DED Inconel 625 dengan pengalihan jalur 90° yang dioptimalkan mencapai hasil kali plastisitas-kekuatan sebesar 41,3 GPa*% dibandingkan 32,1 GPa*% untuk material yang digulung panas. Hal ini menunjukkan kombinasi kekuatan dan daktilitas yang unggul. Struktur mikro berbutir halus yang terbentuk selama proses solidifikasi cepat berkontribusi pada nilai-nilai sifat yang memenuhi atau bahkan melampaui spesifikasi material tempa di seluruh rangkaian sifat mekanis.

Apakah DED Inconel 625 mempertahankan kekuatannya pada suhu tinggi?

Ya. DED Inconel 625 mempertahankan kekuatan yang melebihi paduan cor konvensional pada kisaran suhu 400°C hingga 850°C. Duktilitas tetap stabil di bawah 700°C dan menurun secara moderat di atas suhu ini. Material mengalami transisi dari patah ulet ke patah campuran (mixed-mode fracture) antara 600°C dan 850°C, sesuai dengan perilaku tinggi suhu yang diharapkan dari superalloy berbasis nikel dalam kisaran layanan ini.

Apakah antarmuka antar-lapisan DED merupakan kelemahan pada Inconel 625?

Tidak. Analisis mikroskopis menegaskan bahwa kegagalan pada Inconel 625 hasil DED terjadi di dalam butir kristal, bukan di antarmuka antar-lapisan. Tidak teramati konsentrasi tegangan di batas lapisan. Peleburan ulang permukaan lapisan sebelumnya selama pengendapan lapisan berikutnya menghasilkan ikatan metalurgi sempurna, sehingga wilayah antarmuka tidak dapat dibedakan secara struktural dari material endapan utuh.

Apakah Inconel 625 hasil DED dapat menjalani perlakuan panas setelah pengendapan?

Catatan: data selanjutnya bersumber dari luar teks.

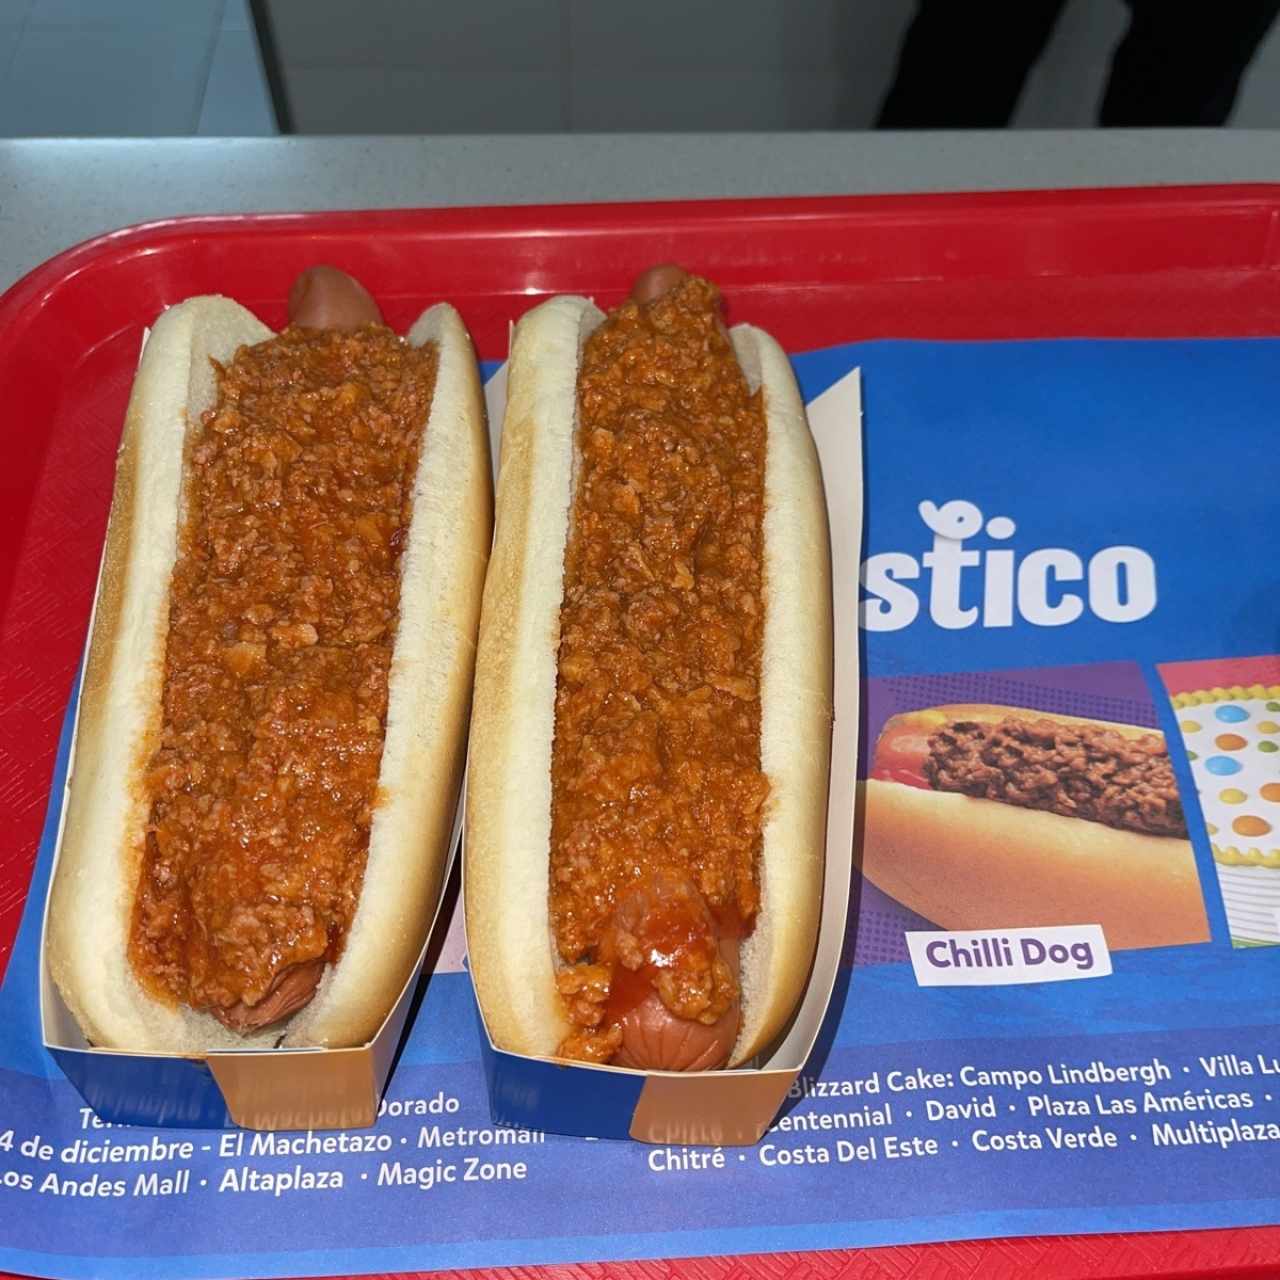 2 Chilli dog + 2 Nachos chili y queso + 1 Litro de Blizzard Oreo + 4 DQ Sandwich

Ya. DED Inconel 625 dapat menjalani perlakuan panas pelarutan dan penuaan yang sesuai dengan spesifikasi perlakuan panas standar paduan tersebut. Perlakuan panas pasca-deposisi mengurangi tegangan sisa akibat siklus termal selama proses deposisi dan dapat lebih menyeragamkan struktur mikro. Siklus perlakuan panas spesifik tergantung pada kondisi penggunaan—relaksasi tegangan pada 870°C, perlakuan larut pada 980–1.150°C, atau perlakuan larut penuh dan penuaan untuk memperoleh sifat optimal pada suhu tinggi.